Los enólogos buscan “que la etiqueta no desvista la presentación del vino, que no lo convierta en un mamarracho”; y que lleve una leyenda como “el inmoderado consumo del vino puede generar perjuicios a la salud, por ejemplo para las mujeres embazadas y jóvenes menores de edad”, apunta Schröder.
Así es como un punto importante en el que se apoyan los productores vitivinícolas es el carácter cultural que el vino ha adquirido en el último tiempo, además de las investigaciones que demuestran que su consumo moderado es beneficioso para la salud.
“En estos momentos el vino es un tercio del alcohol que consumen los chilenos, los otros son cervezas, y destilados mezclados con bebidas (como pisco y ron), alcoholes mucho más complicados que el del vino. El vino es un acompañante culinario, de la gastronomía, de la gente, mientras que los otros son hechos para hacer una fiesta alcohólica”, explica el enólogo y director de la CCV.
Según el Balance de la temporada vitivinícola 2005/06 elaborado por la Oficina de Estudios y Políticas Agrarias (Odepa), el volumen exportado presentó un importante incremento de 13,0%, llegando hasta 476 millones de litros.

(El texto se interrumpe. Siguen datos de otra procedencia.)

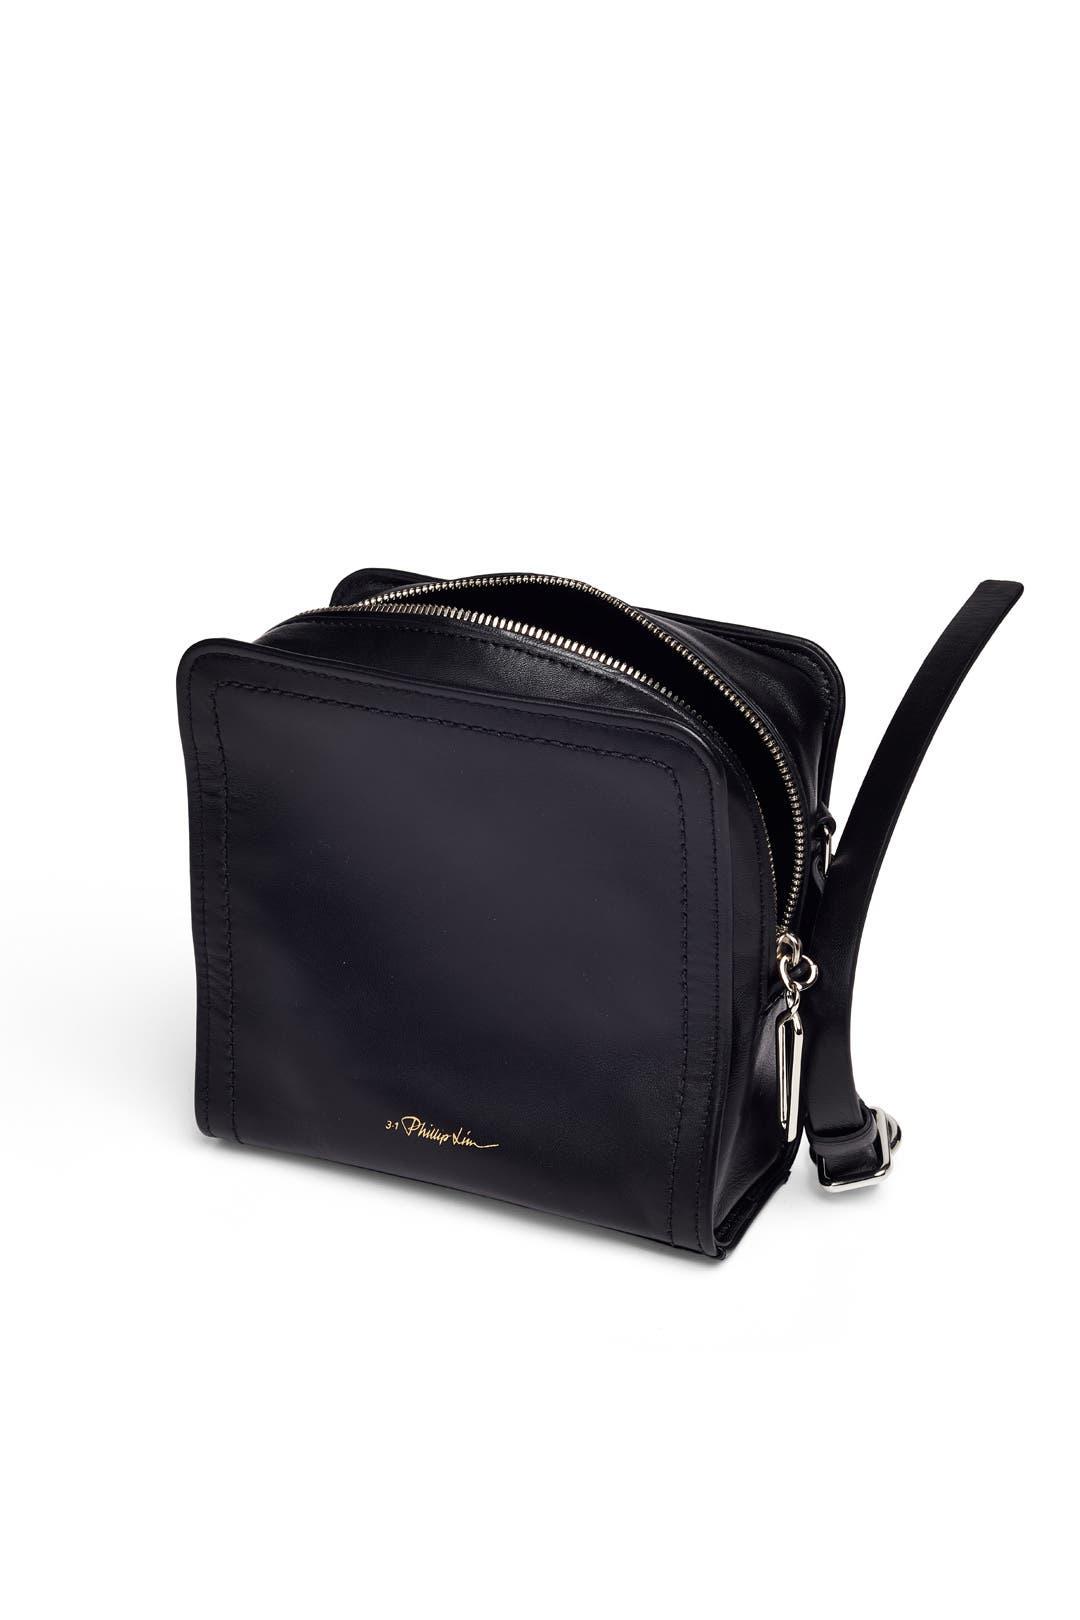 8a1e3ab582d8 Hudson Mini Square Bag by 3.1 Phillip Lim Accessories for  75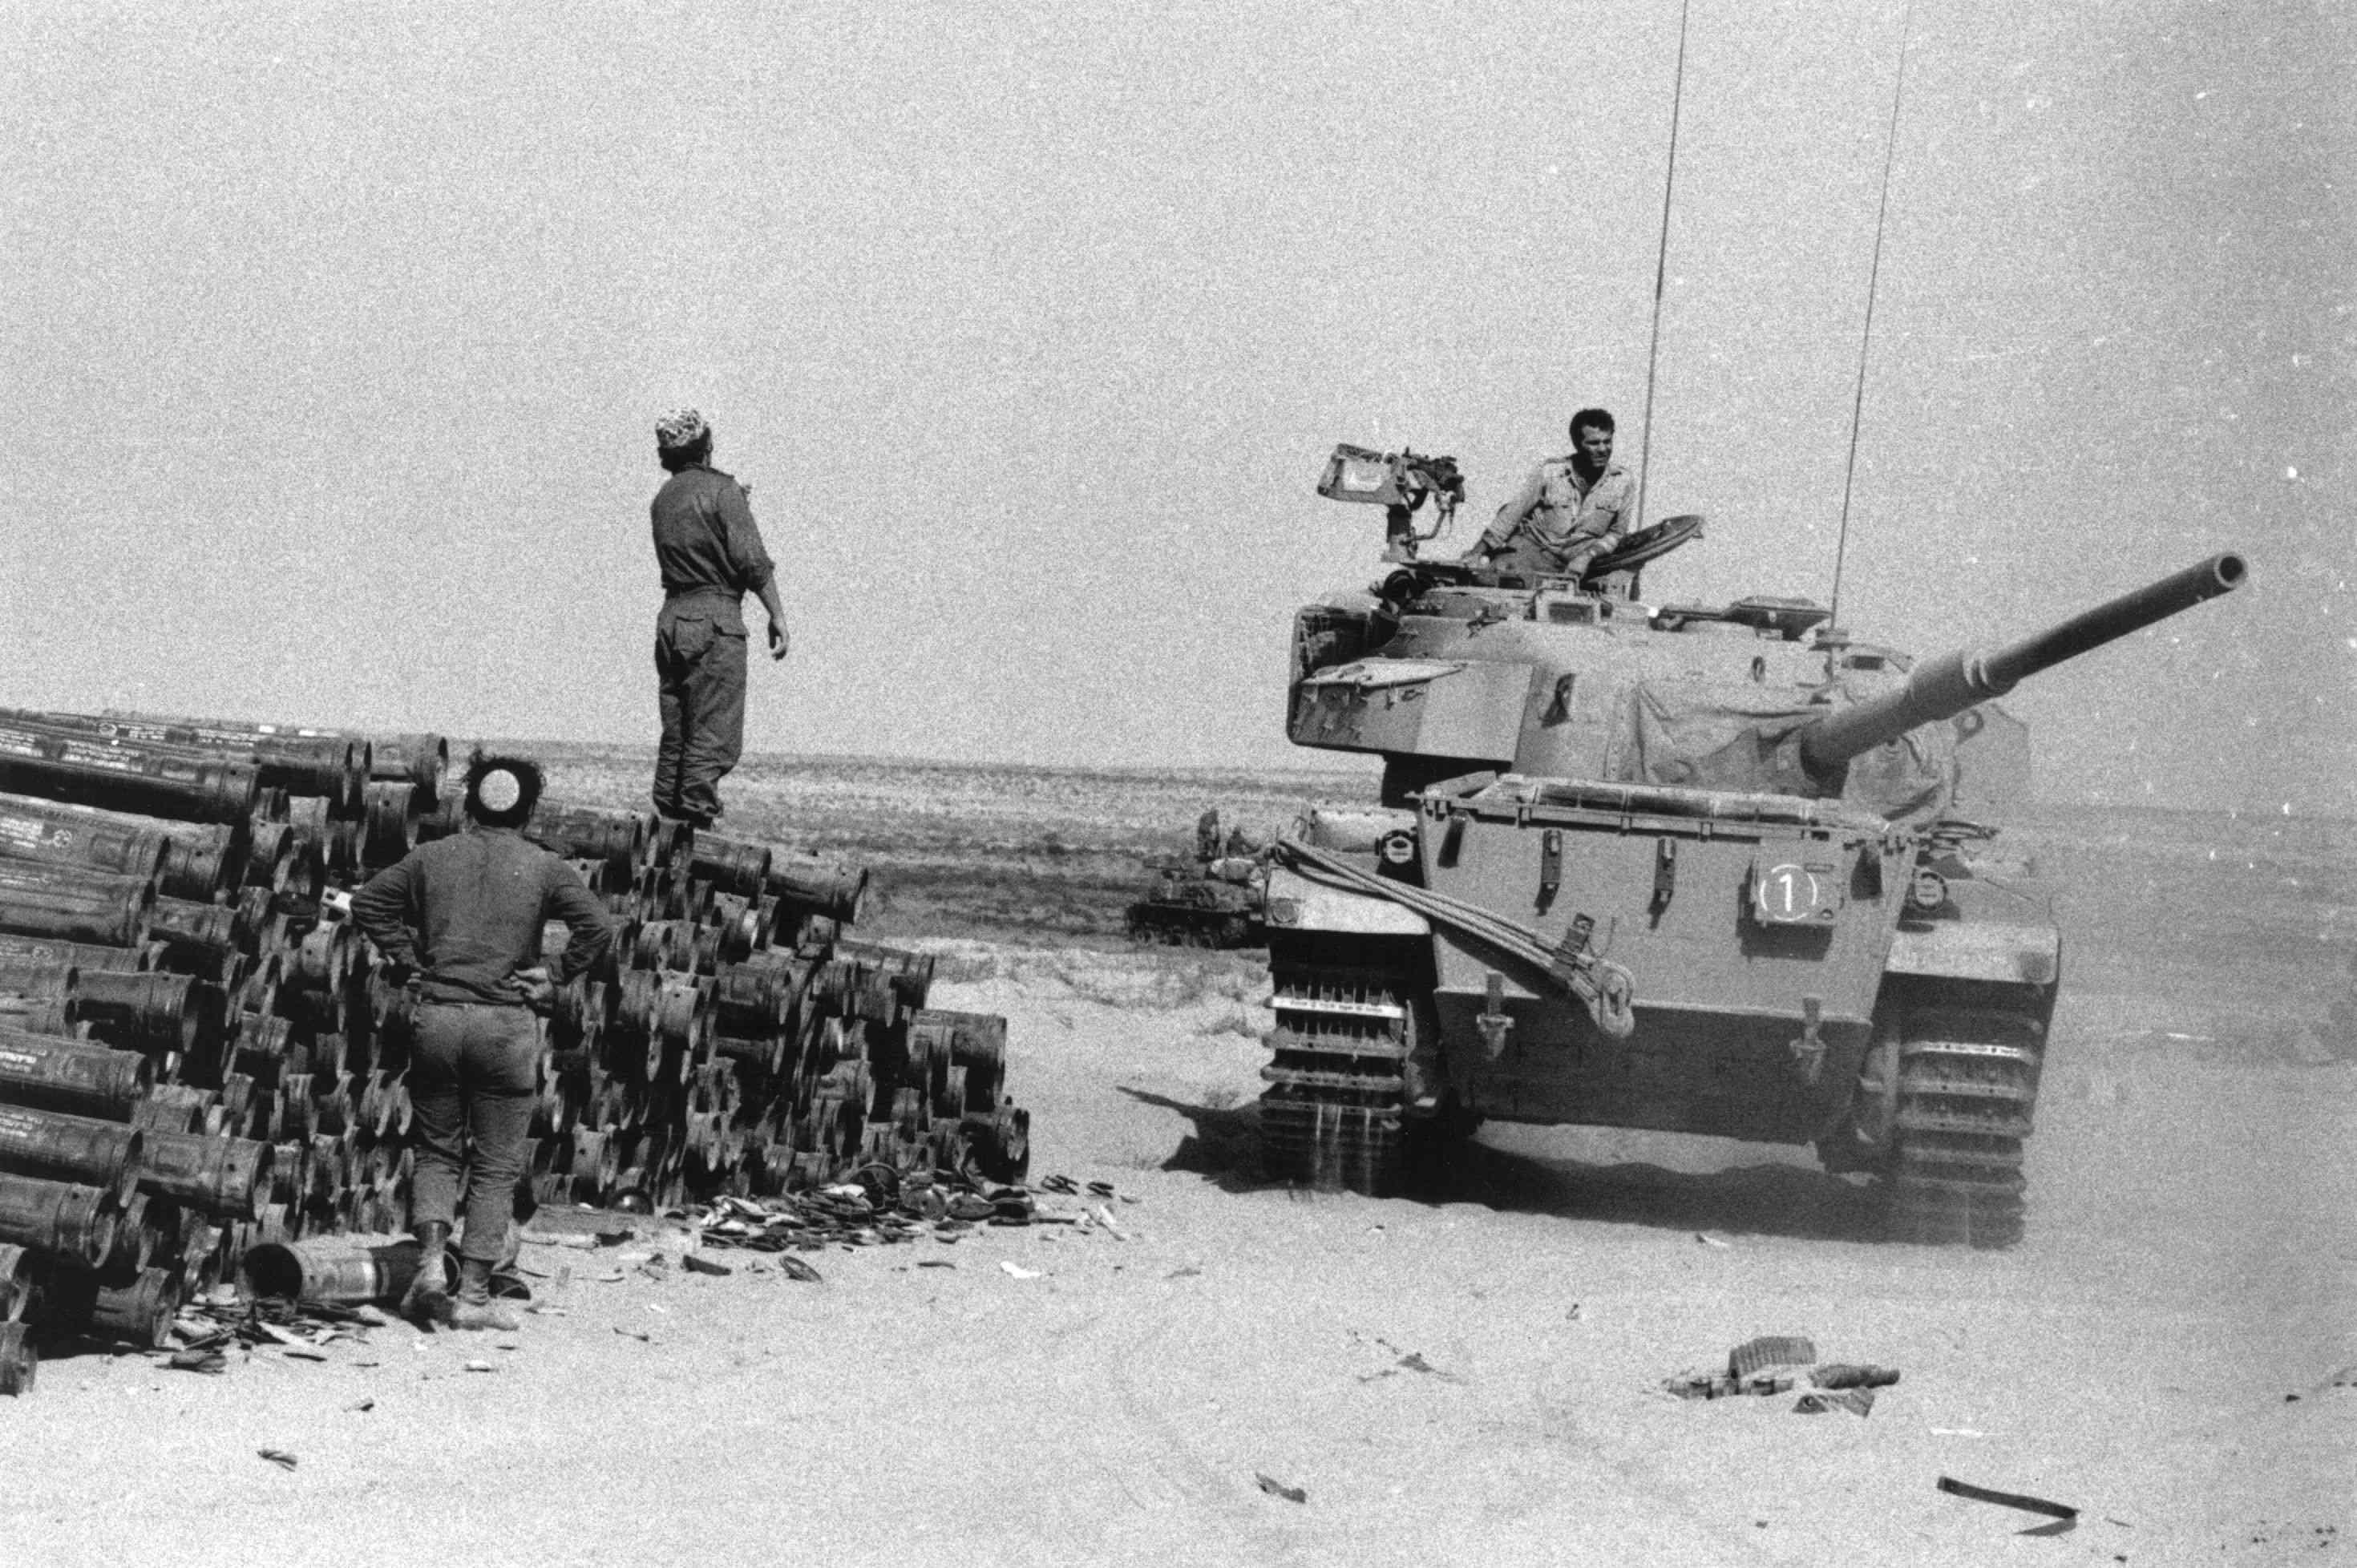 Israeli tank at supply depot in the Sinai, 1973.

En este sentido, de prosperar el proyecto de ley que está en el Congreso la medida afectará sólo al mercado nacional y no a las exportaciones, porque el vino chileno que va al extranjero se rige por la ley del país de destino. Y es que actualmente Chile factura mil millones de dólares al año en exportaciones de vino. De hecho, al término de la temporada 2006/07 se estima que superará esa cifra.
Por esto es que la industria vitivinícola está haciendo esfuerzos para situar el vino en la categoría de un producto cultural, ya que consideran que es parte de la cultura vitivinícola y gastronómica del país, de modo de entregar argumentos a las autoridades para que las advertencias no sean tan agresivas y no perjudiquen el consumo, sino que insten a su consumo moderado.
De aprobarse dicho proyecto de ley, todo lo que tenga más de dos grados de alcohol se va a rotular, es decir, todos los productos que aparecen en la ley de alcoholes.